Alexander (Alex) Matrunich

Specialist degree in sociology at Pskov Volny Institute

Free open source enthusiast (GNU/Linux, LibreOffice, etc.)

Open data contributor (Wikipedia, OpenStreetMap)

Notable projects with R:

  • Opinion poll data processing and report generation
  • Exit-poll real-time data processing and report generation
  • R training for the United Nations FAO staff
  • World trade data analysis for the UN FAO

String basics

Use “ or ' to delimit strings. Double quotes are preferred.
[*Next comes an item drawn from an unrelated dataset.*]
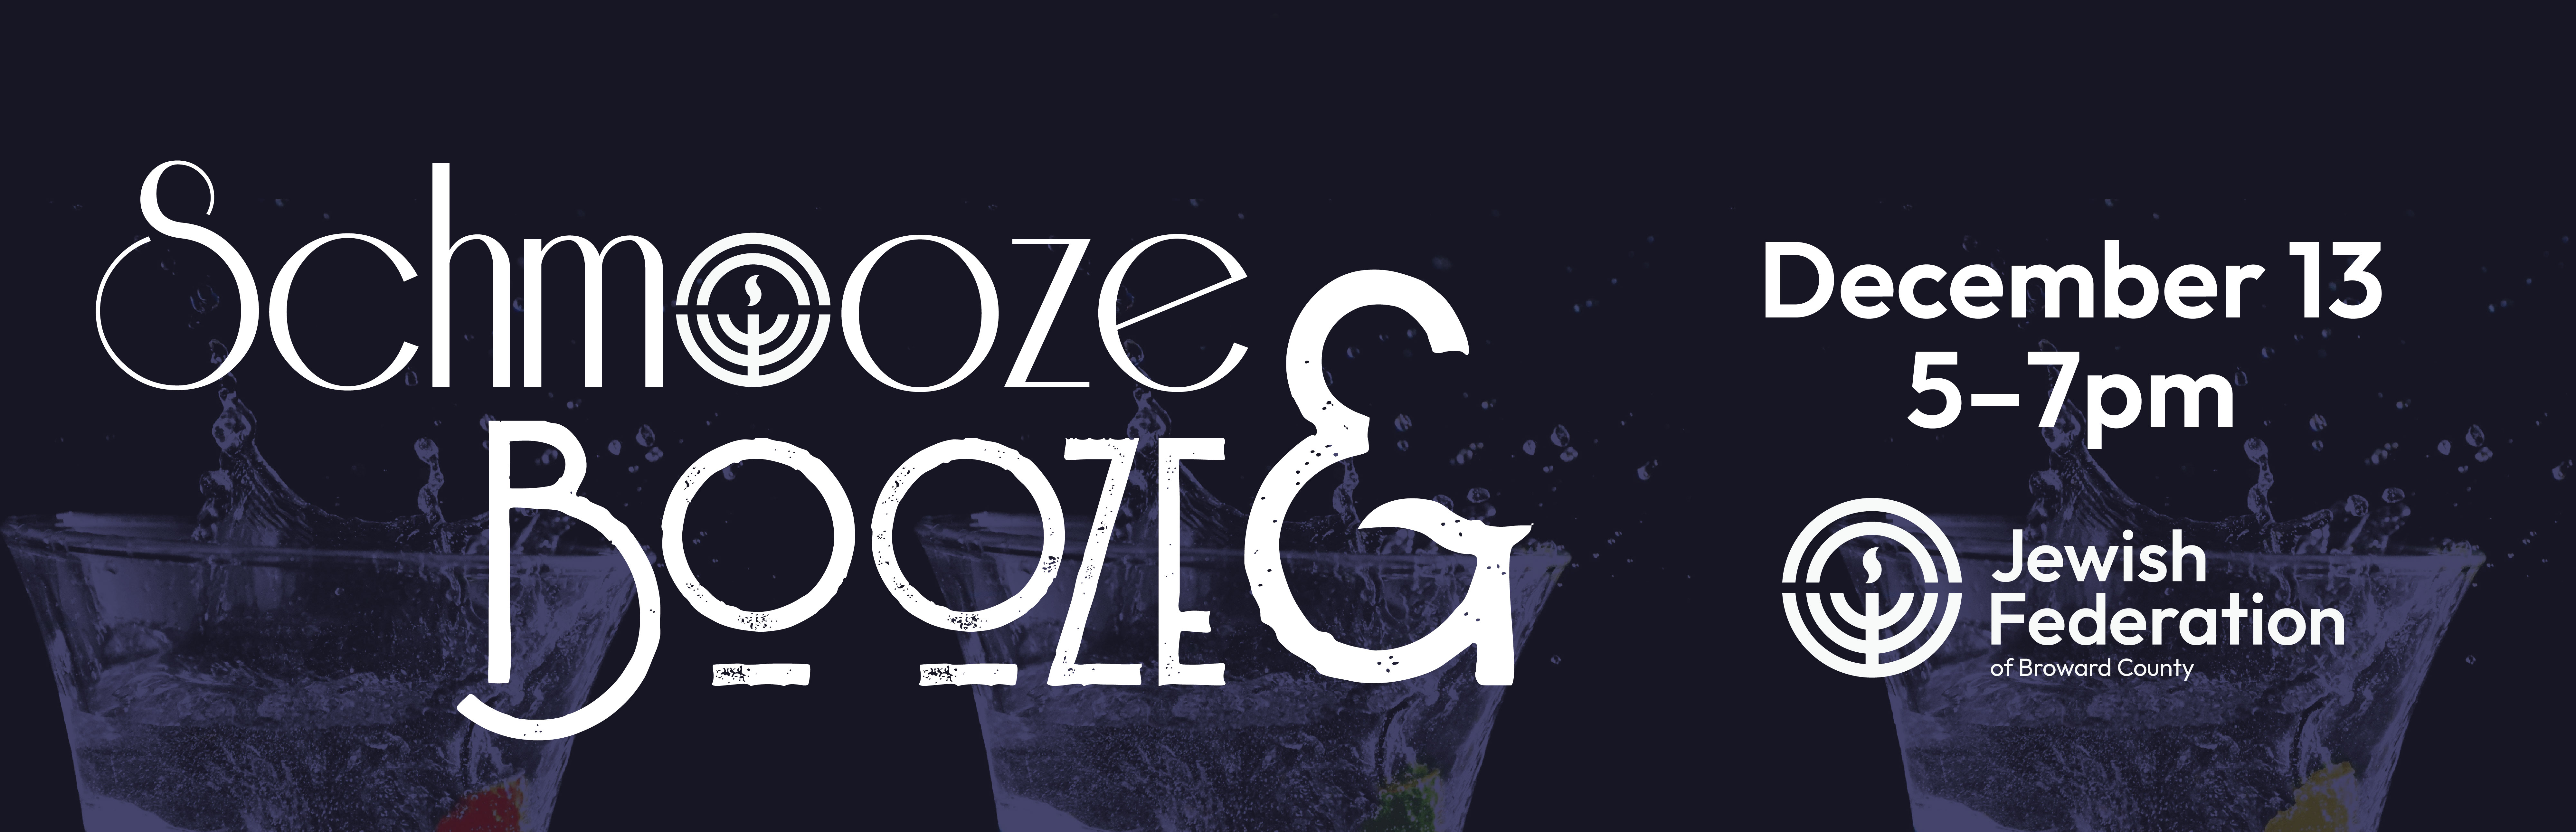 Schmooze & Booze Banner 01
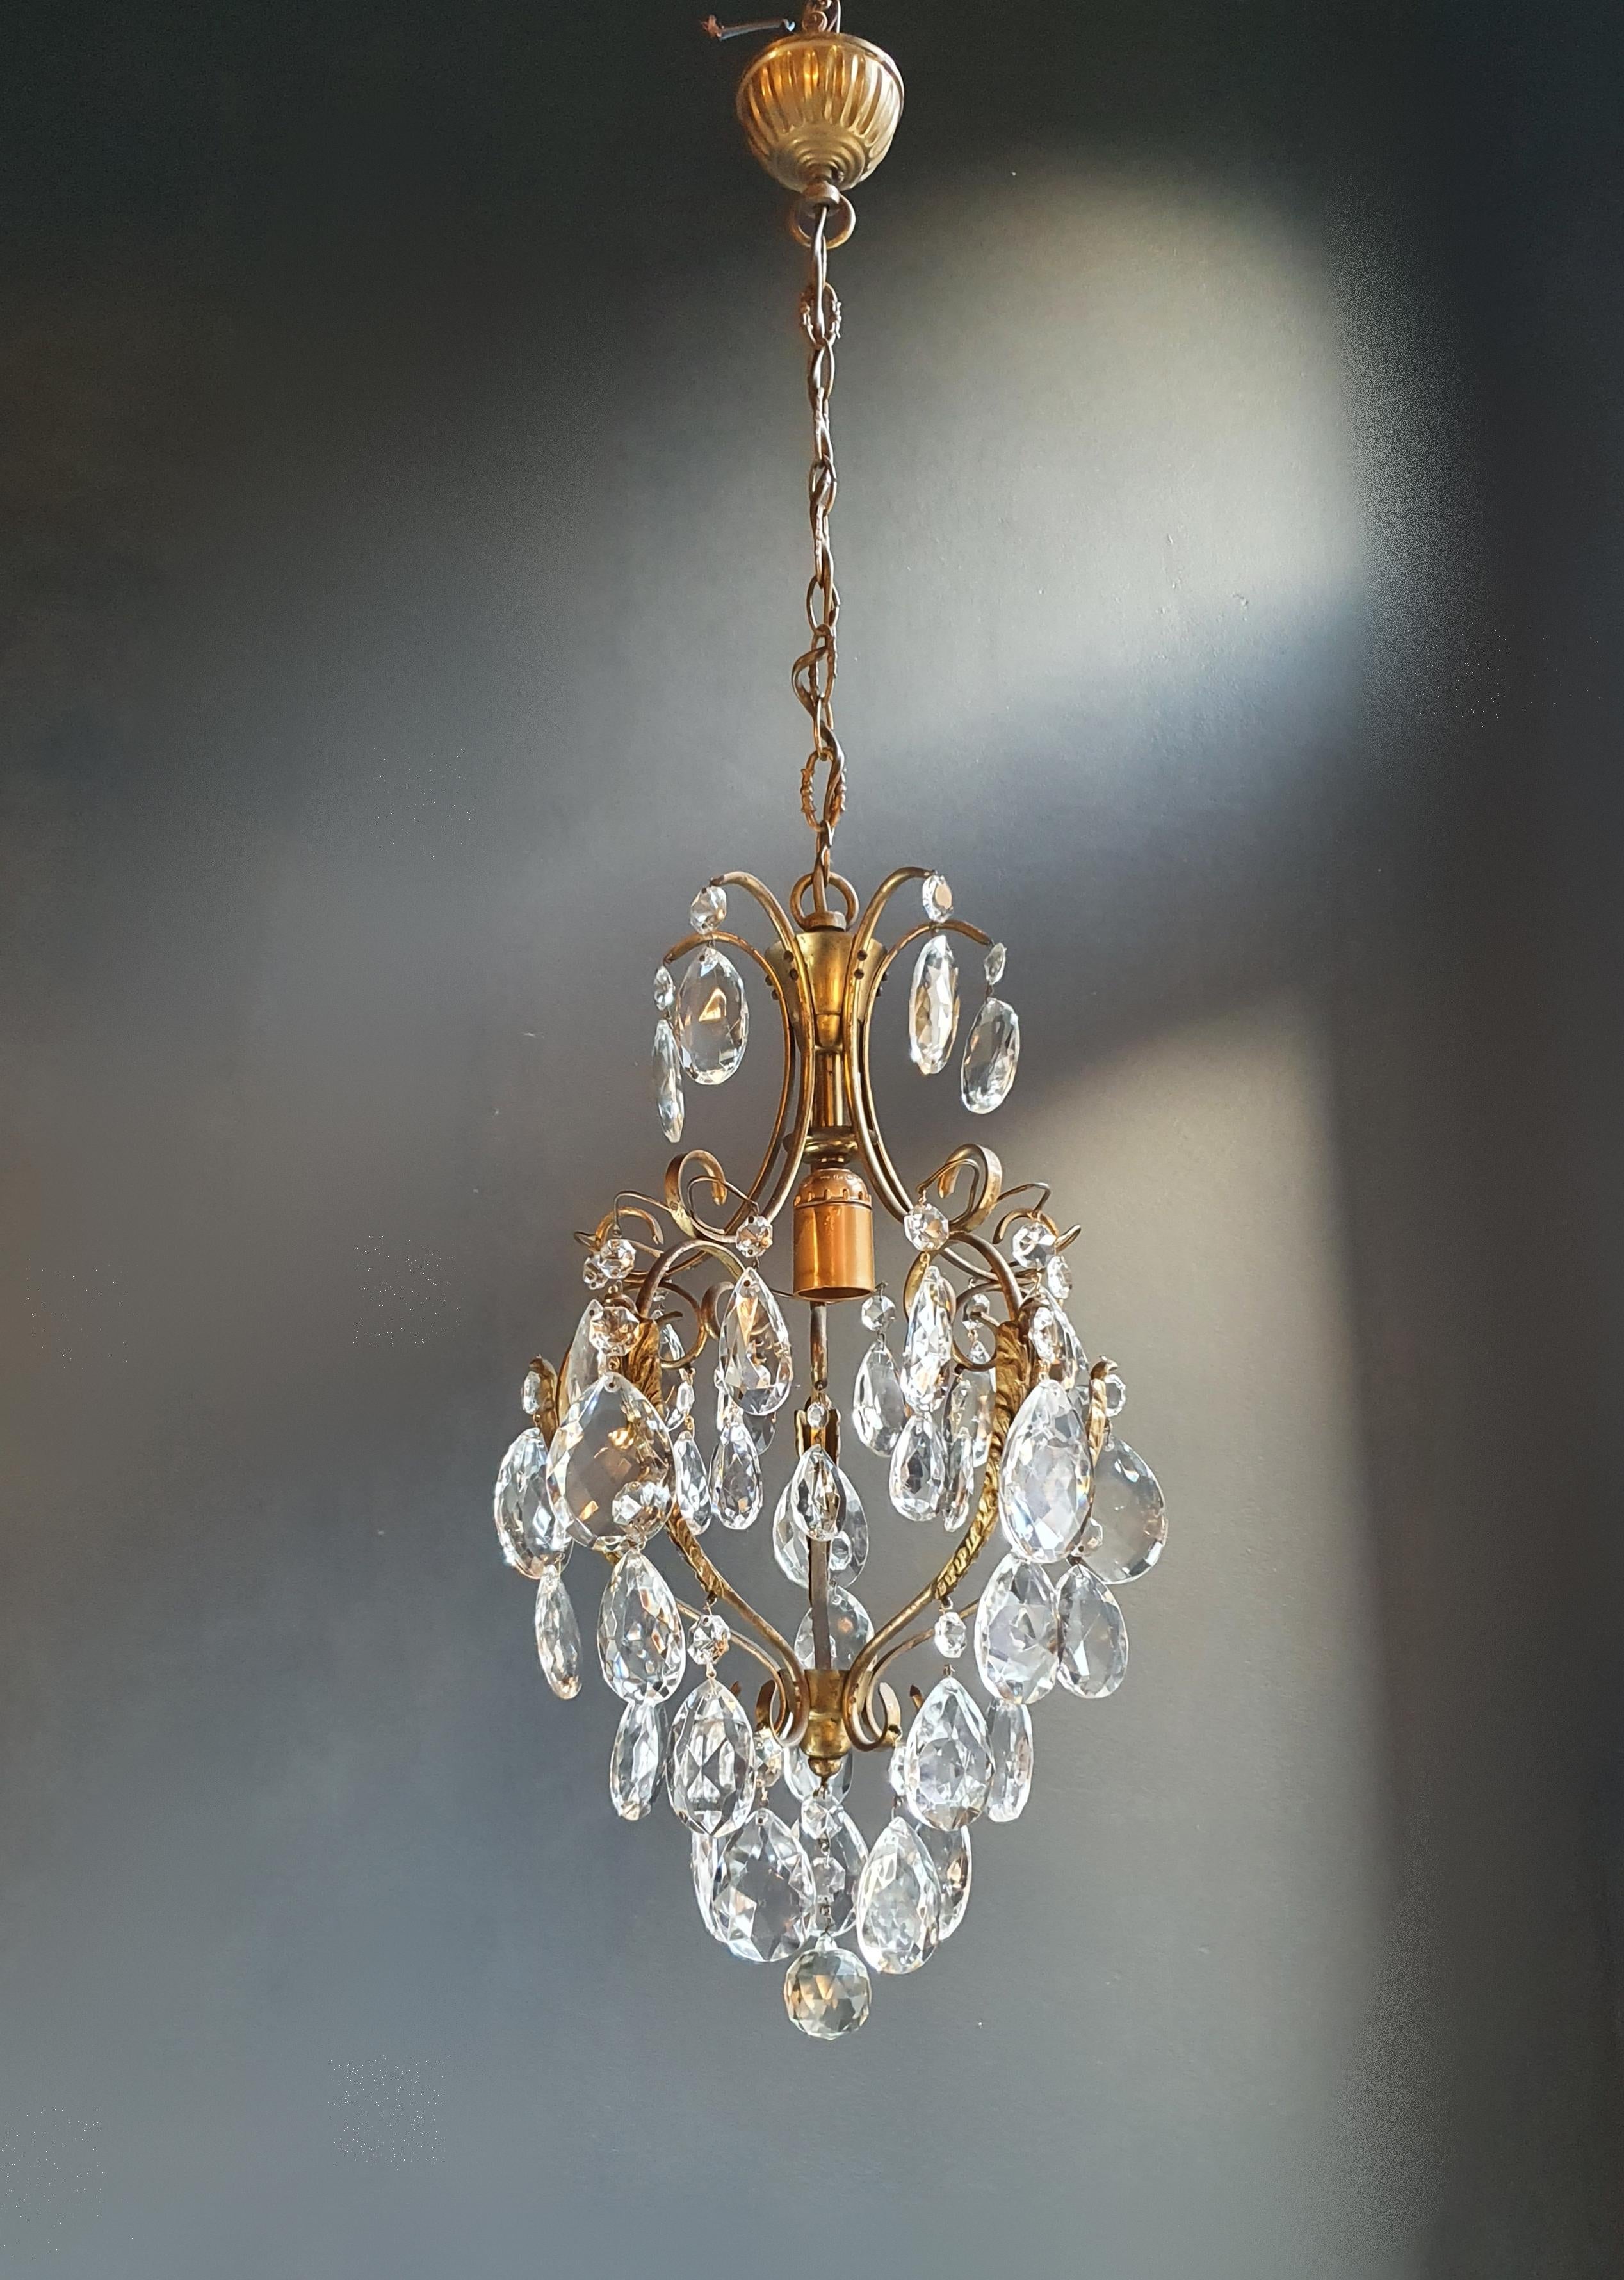 Hand-Knotted Lustré Cage Chandelier Crystal Ceiling Lamp Hall Lustre Antique Art Nouveau

s1 <- "Hello - Привет - გამარჯობა"
s2 <- 'ჟენევის მოლაპარაკებების "ახალი კონტექსტი"'
s2
[1] "ჟენევის მოლაპარაკებების \"ახალი კონტექსტი\""
s3 <- c("ერთი", "ორი", "სამი")
s3
[1] "ერთი" "ორი"  "სამი"

Some special characters

To include special symbol in a string you have to “escape” it with backslash.

Symbol Meaning
\n newline
\t tab
\“ quotation mark ”
\' apostrophe '

Use ?"'" to list them all.

R package stringr

In base R there are many functions to work with character string.

Package stringr provides:

  • consistent framework;
  • ability to work with many languages.
library("stringr")

String length

s3
[1] "ერთი" "ორი"  "სამი"
str_length(s3)
[1] 4 3 4
str_length(NA) # Beware of using base nchar() on outdated R 
[1] NA

Combining strings

# Separate values
str_c("ერთი", "ორი", "სამი")
[1] "ერთიორისამი"
str_c("ერთი", "ორი", "სამი", sep = ", ")
[1] "ერთი, ორი, სამი"

Combining strings

# Values in vector
s3
[1] "ერთი" "ორი"  "სამი"
str_c(s3, collapse = ", ")
[1] "ერთი, ორი, სამი"
str_c(1:3, s3)
[1] "1ერთი" "2ორი"  "3სამი"
str_c(str_c(1:3, ". "), s3)
[1] "1. ერთი" "2. ორი"  "3. სამი"

Subsetting strings

s3
[1] "ერთი" "ორი"  "სამი"
str_sub(s3, start = 1, end = 2)
[1] "ერ" "ორ" "სა"
str_sub(s3, -3, -2)
[1] "რთ" "ორ" "ამ"

Lower and upper cases

str_to_lower(s1)
[1] "hello - привет - გამარჯობა"
str_to_upper(s1)
[1] "HELLO - ПРИВЕТ - გამარჯობა"
str_to_title(s1)
[1] "Hello - Привет - გამარჯობა"

Regular expressions aka regex

Basic matches

s3
[1] "ერთი" "ორი"  "სამი"
str_detect(s3, "ი")
[1] TRUE TRUE TRUE
str_detect(s3, "ერ")
[1]  TRUE FALSE FALSE
str_detect(s3, ".ი")
[1] TRUE TRUE TRUE

Special symbols in regex

spec1 <- "Tbilisi."
str_detect(spec1, "si.") # Dot as special regex symbol 
[1] TRUE
str_detect(spec1, "si\\.") # Dot as dot
[1] TRUE
spec2 <- "R-Ladies\\Tbilisi" # We want one backslash
str_detect(spec2, "s\\\\T") # We want to find one backslash between s and T
[1] TRUE

Four backslashes to match one?

\ \ \ \

  1. We are looking for backslash (#4).
  2. Escape special symbol in regex pattern (#2).
  3. Escape in string for original backslash (#3).
  4. Escape in string for regex escape backslash (#1).

Anchors

  • ^ - start of string (Start of Elon Mask's rocket)
  • $ - end of string (Profits of Mask after successful lunch)
s3
[1] "ერთი" "ორი"  "სამი"
str_detect(s3, "ი$") # Words end with ი
[1] TRUE TRUE TRUE
str_extract(s3, "^.რ") # Words with რ as second symbol from beginning
[1] "ერ" "ორ" NA  

Character classes and alternatives

  • \\d - any digit;
  • \\s - any whitespace (space, tab, newline);
  • [abc] - a, b or c;
  • [^abc] - anything except a, b or c.
str_extract(c("7a", "56bc", "a7"), "\\d[ab]")
[1] "7a" "6b" NA  

Repetition

  • ? - 0 or 1;
  • + - 1 or more;
  • * - 0 or more;
  • {n} - exactly n;
  • {n,} - n or more;
  • {,m} - at most m;
  • {n,m} - between n and m.

Grouping and backreferences

Each pair of parentheses defines a “group”. Use backreferences like \1, \2 to refer to them.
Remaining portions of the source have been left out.